— INFORMATION SHOWN —
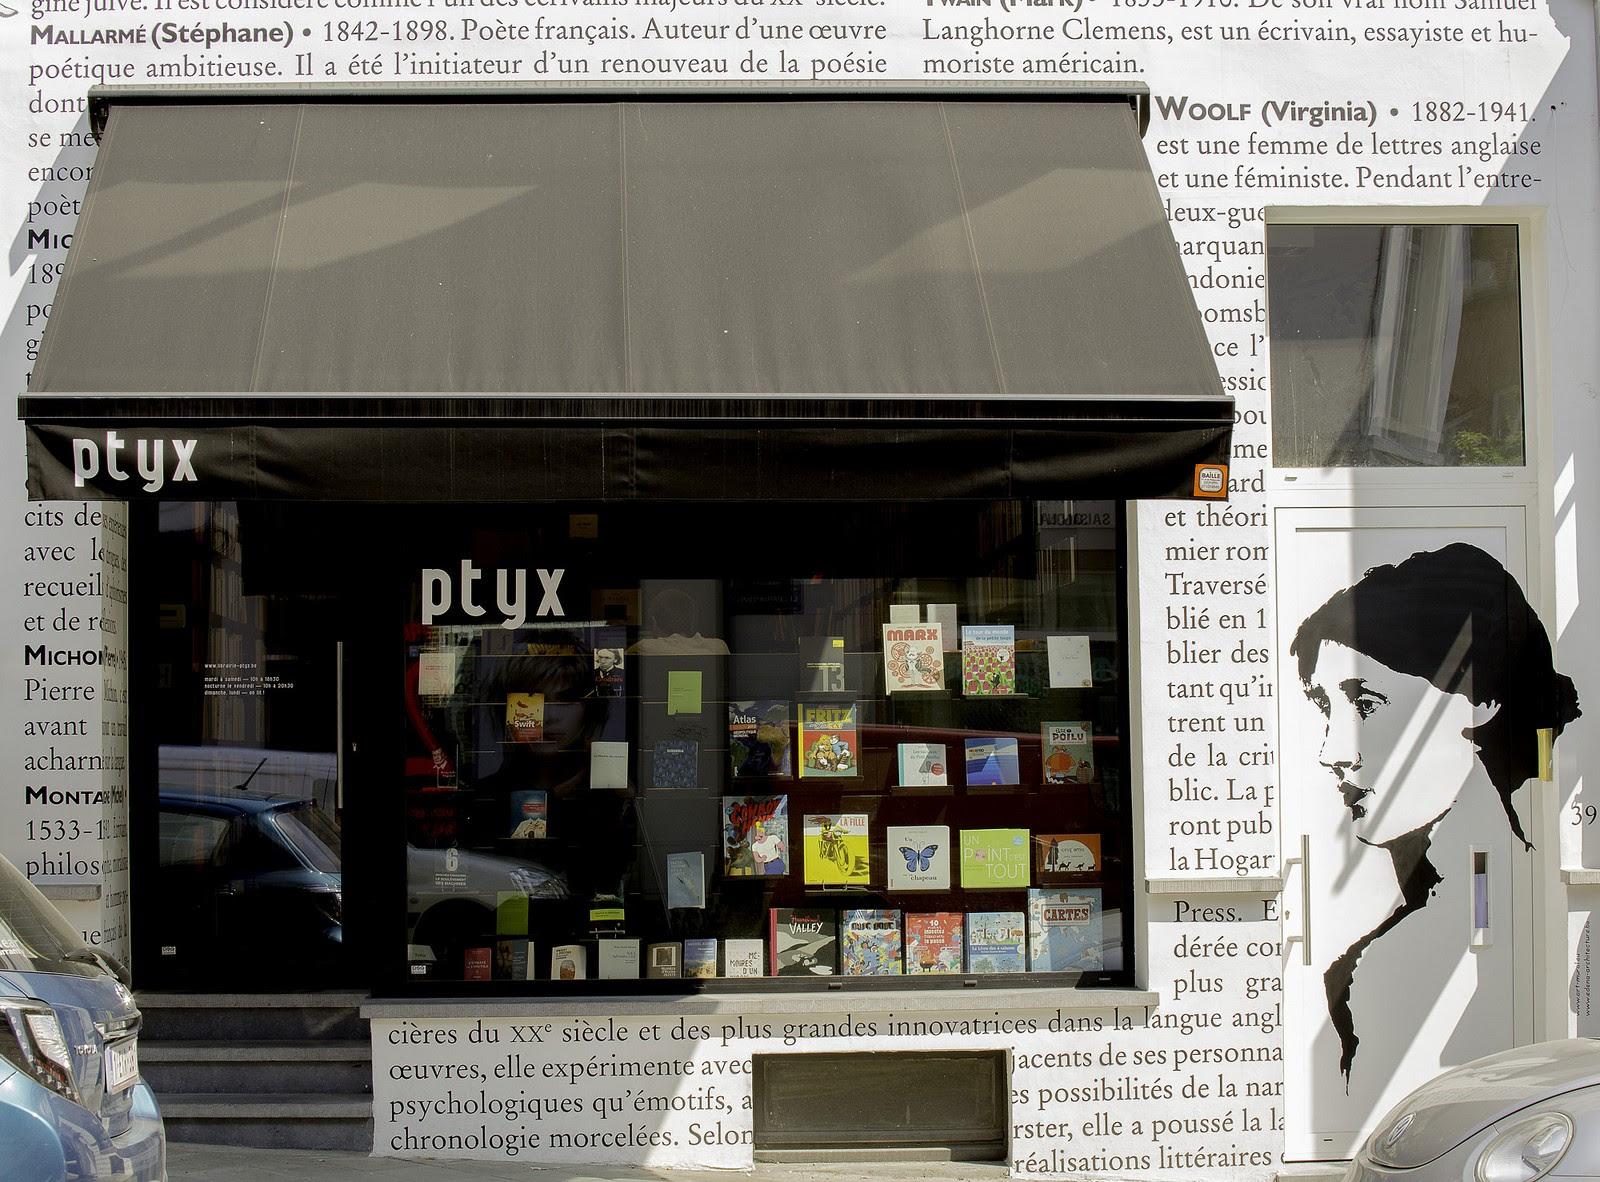 Le Bal Des Ardents - Lyon, França (Foto: Reprodução)
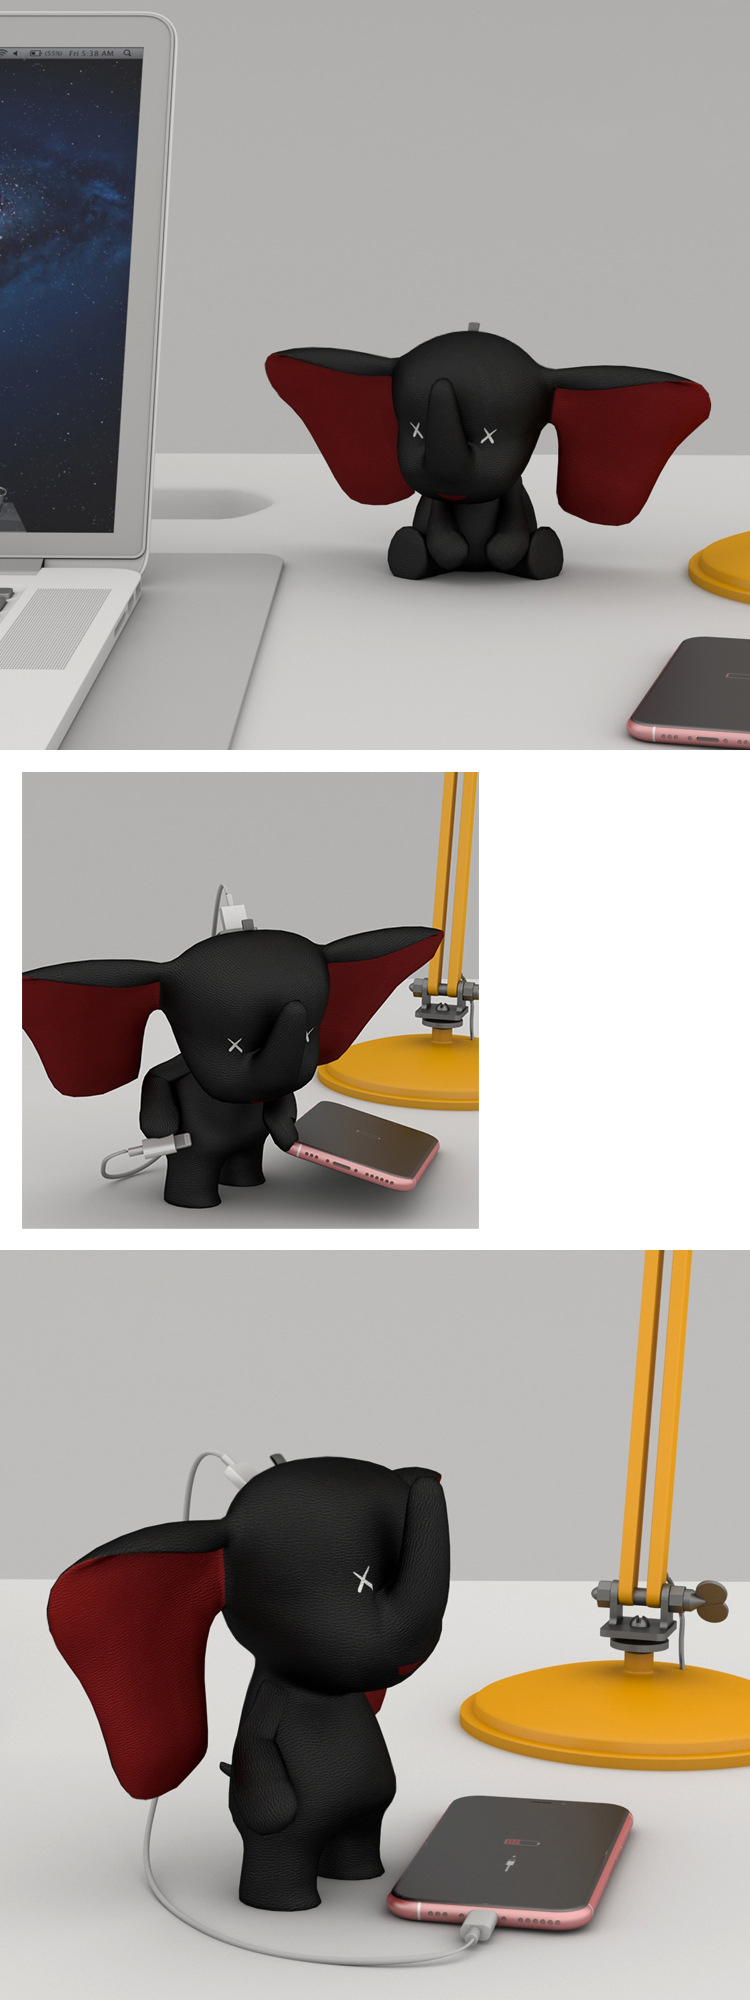 igrushechnyj slon s zarjadkoj dlja smartfona slon power bank pover bank 8800 mach 03 - Слон с зарядкой для смартфона/ слон-Power Bank (повер-банк) 8800 мАч
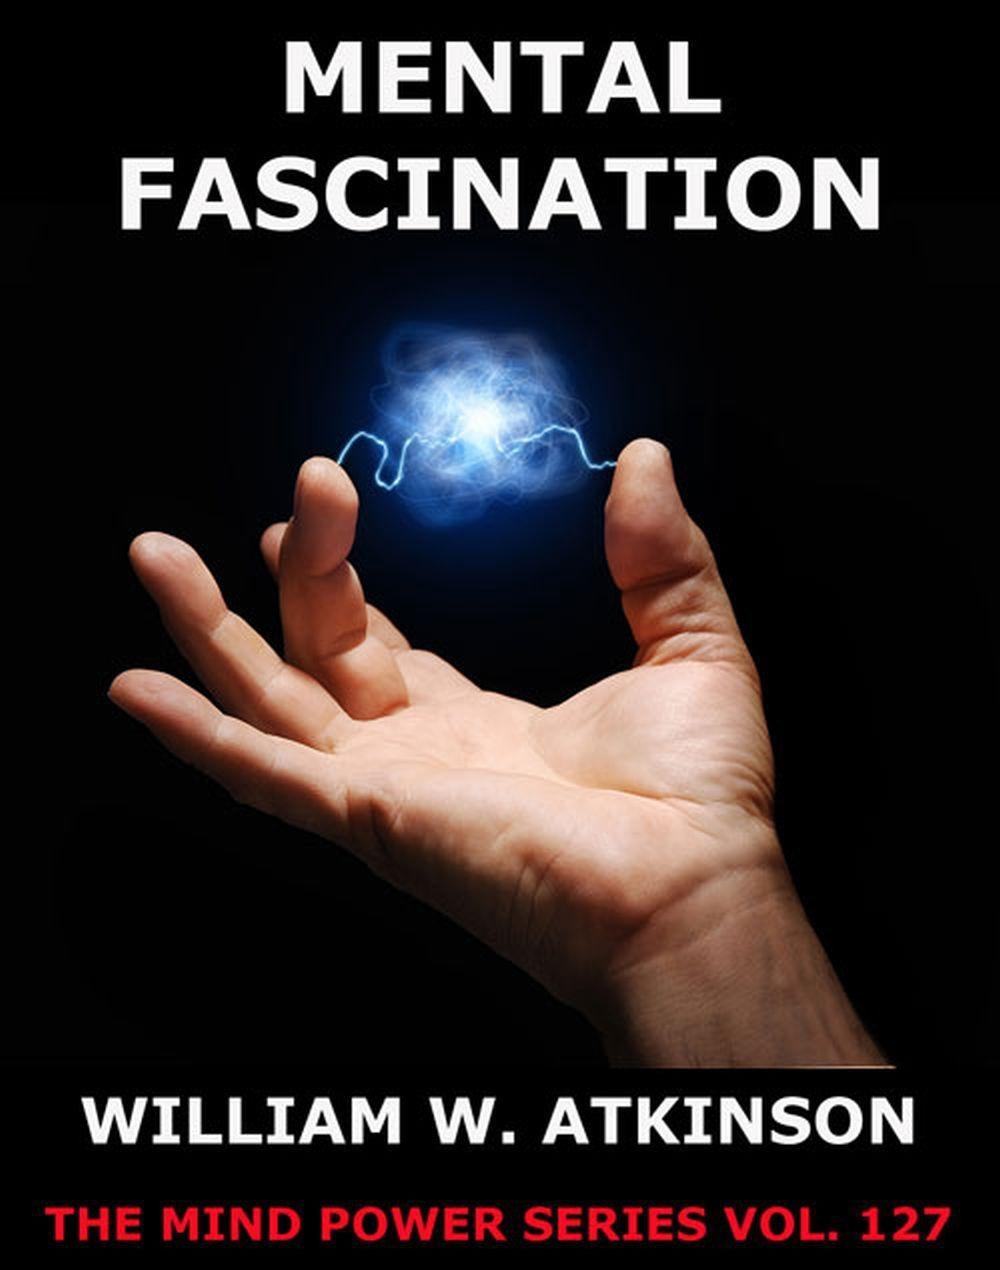 William Walker Atkinson Mental Fascination fascination
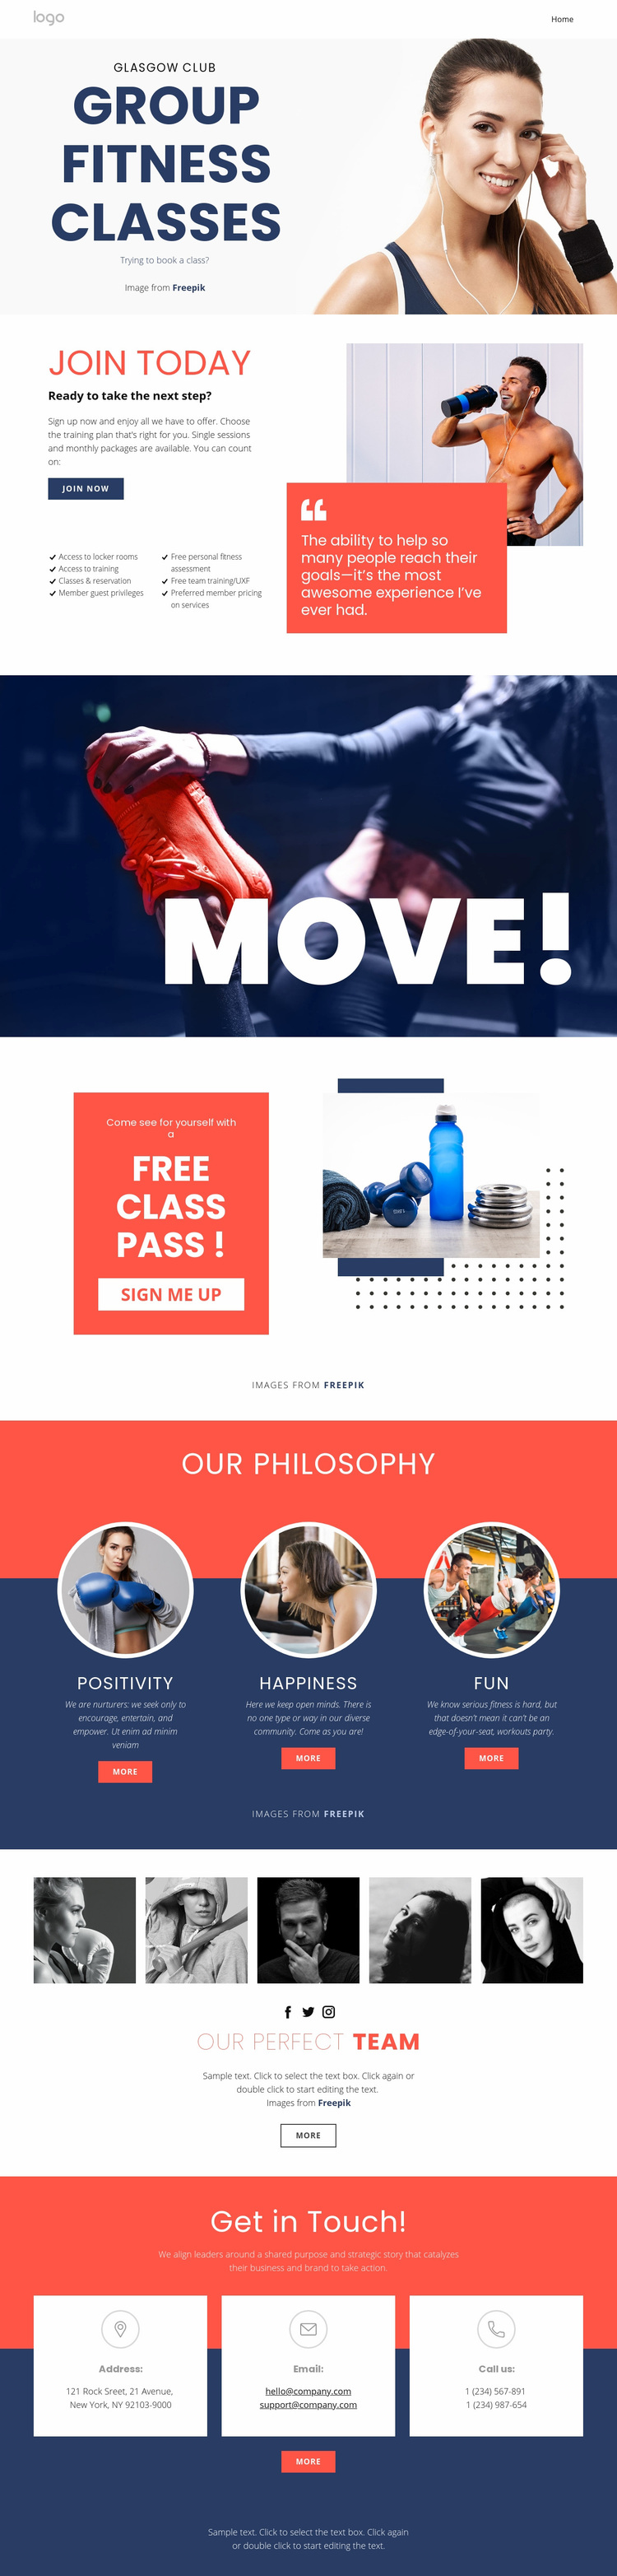 Fitness studio Web Page Designer
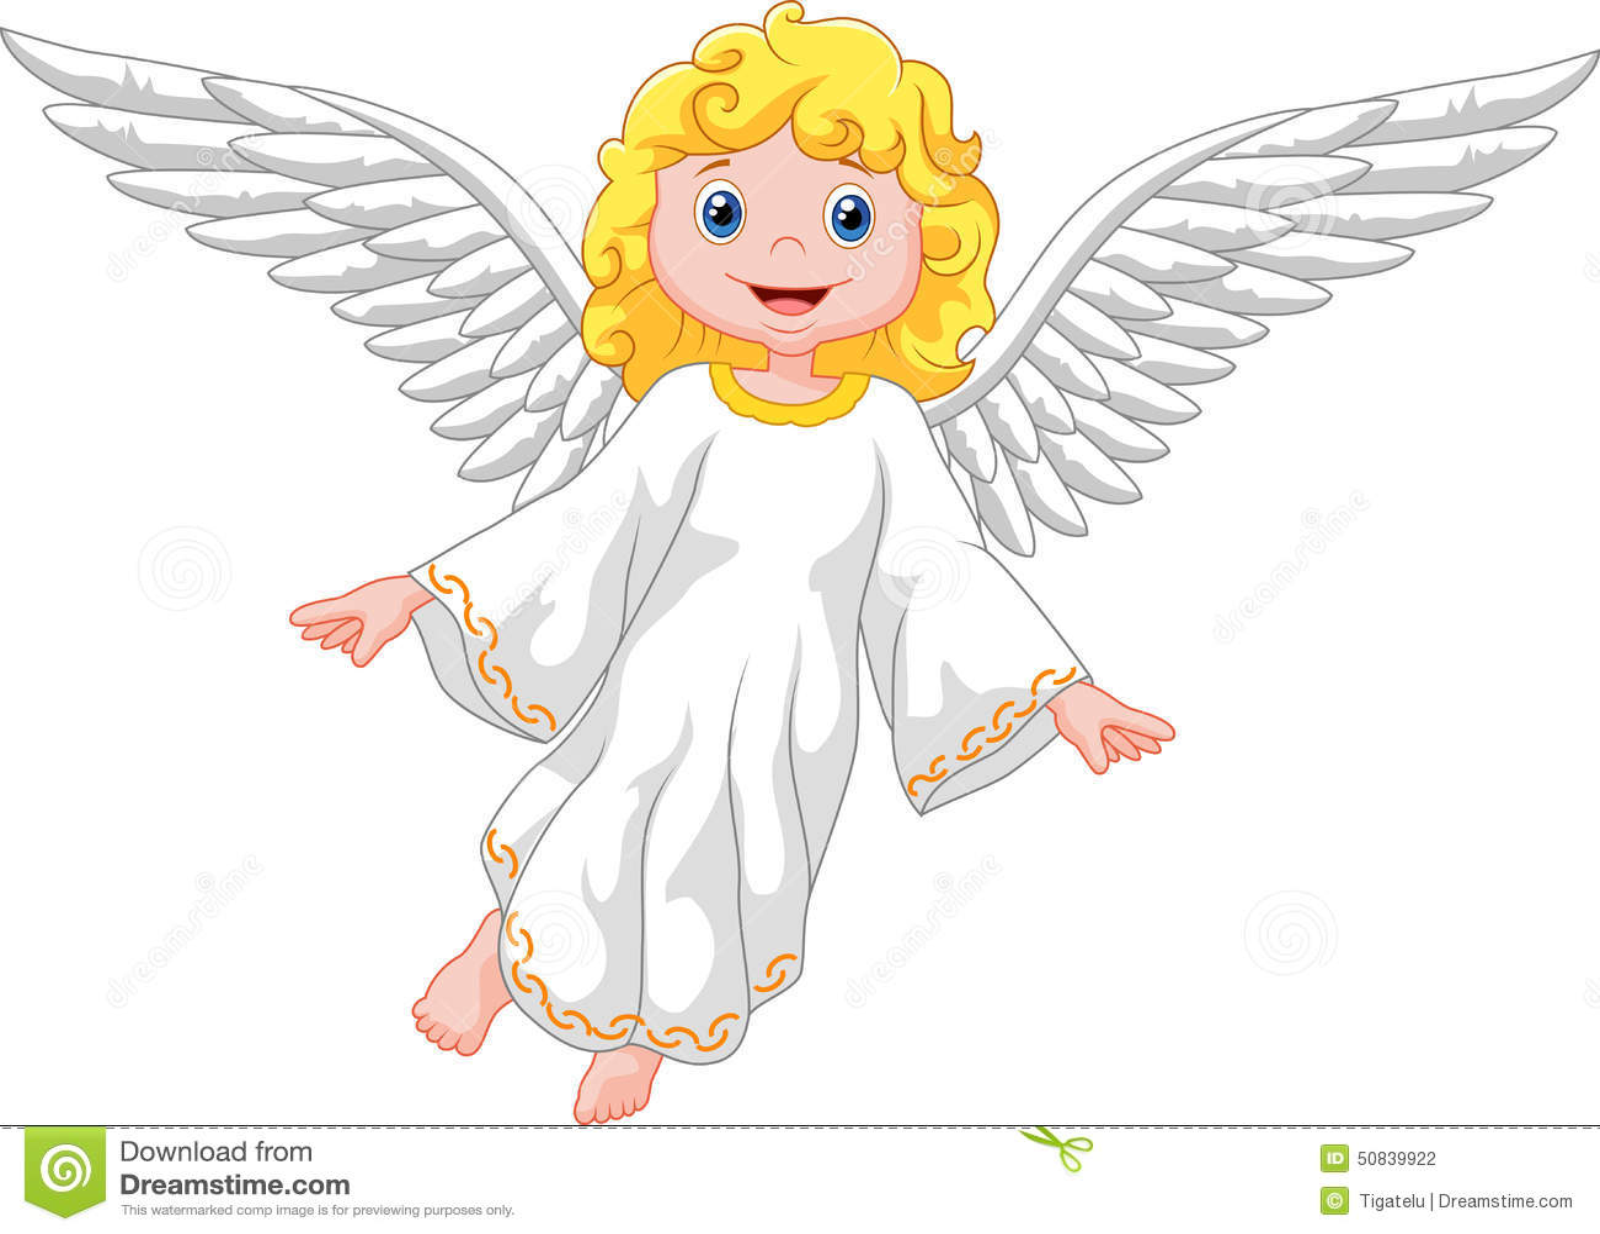 cute cartoon angel stock vector image 50839922 congratulations clipart free animated congratulations clipart free animated

— EXERCISE PROMPT —
Exact copy, no pictures: please print the data above once more.

— REPLY TO THE TASK —
 Le Bal Des Ardents - Lyon, França (Foto: Reprodução)
 igrushechnyj slon s zarjadkoj dlja smartfona slon power bank pover bank 8800 mach 03 - Слон с зарядкой для смартфона/ слон-Power Bank (повер-банк) 8800 мАч
 William Walker Atkinson Mental Fascination fascination
 Fitness studio Web Page Designer
 cute cartoon angel stock vector image 50839922 congratulations clipart free animated congratulations clipart free animated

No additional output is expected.